PostgreSQL 13: parallel VACUUM

The other day, Amit Kapila committed a Masahiko Savada patch, which allows cleaning in parallel. The table itself is still cleared by one (leading) process, but to clean indexes, it can now start background workflows, one for each index. In manual mode, this allows you to speed up the cleaning of large tables with multiple indexes; automatic cleaning does not use this feature yet.

Related links:

As you know, the table cleaning process consists of several phases.

First, the table is scanned and links to unnecessary (“dead”) versions of rows are collected in memory. Memory is limited by maintenance_work_mem, so all links may not fit at one time.

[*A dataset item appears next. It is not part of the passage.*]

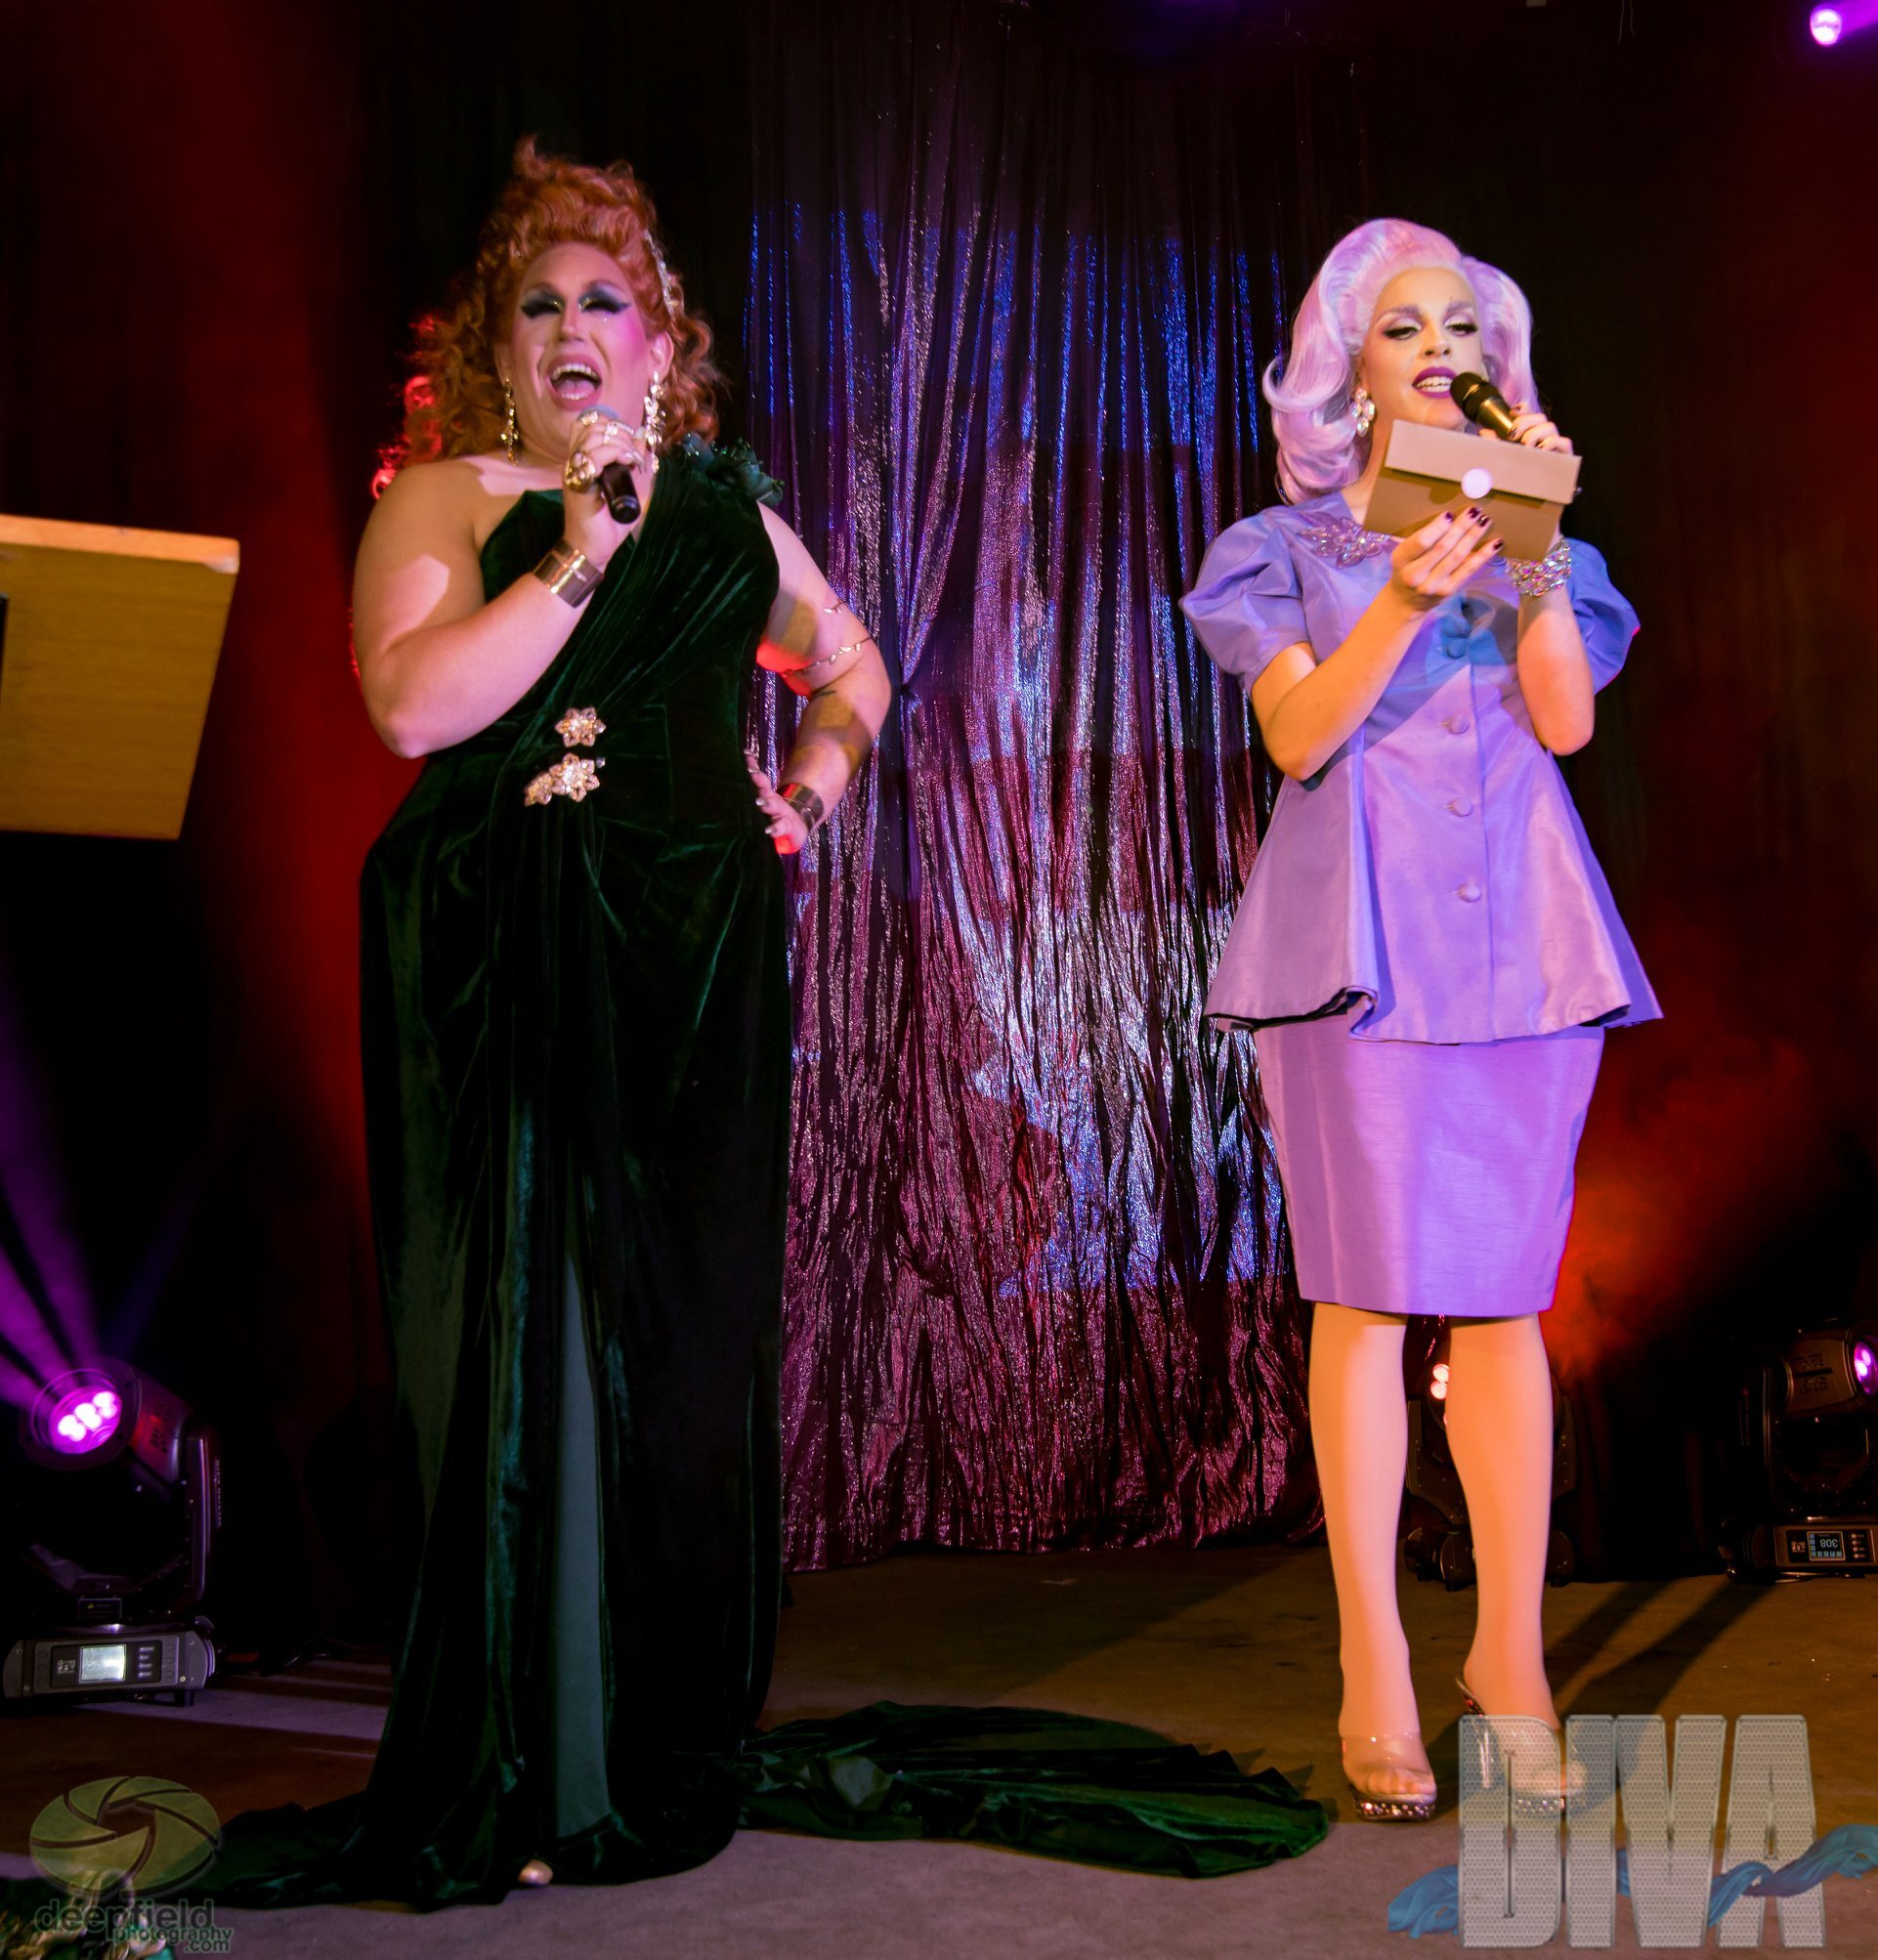 fran-giapanni-pomara-fifth-hosting--diva-awards-sydney-drag-queen-royalty-best-hire-drag-race-australia.jpg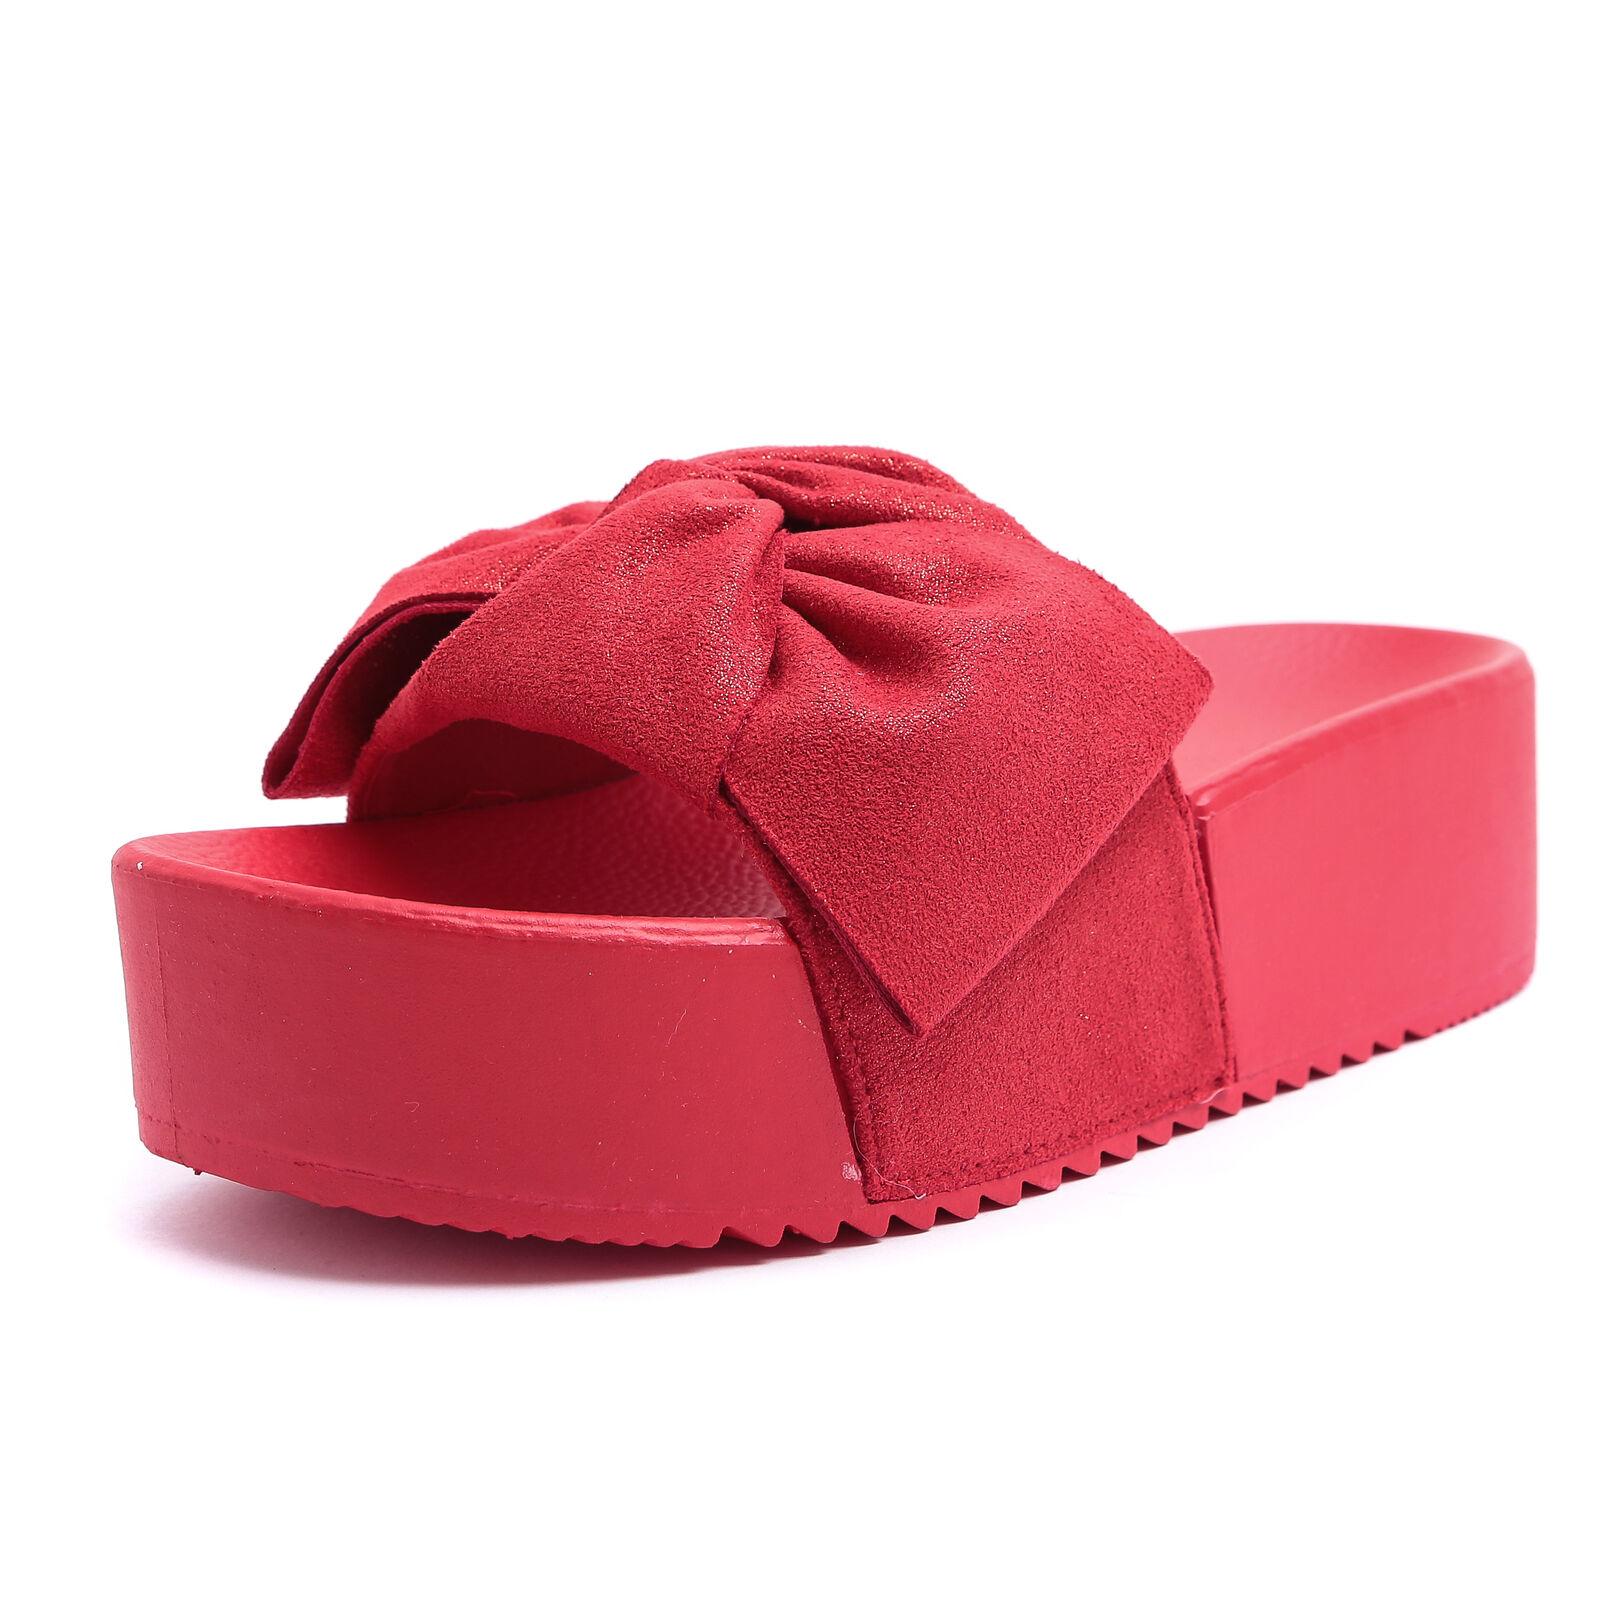 online store c85fb 8b503 Ciabatte ciabattina aperta donna sandali scarpe gomma zeppa ...

Then all indexes are sorted sequentially (as it was before), and pointers to found dead versions of strings are cleared from them.

Then the already viewed part of the table is scanned again and dead versions of the rows are already cleared from it.

If at one time it was not possible to process all dead versions of strings, then the memory is cleared and the whole process is repeated again from the place where we stopped last time.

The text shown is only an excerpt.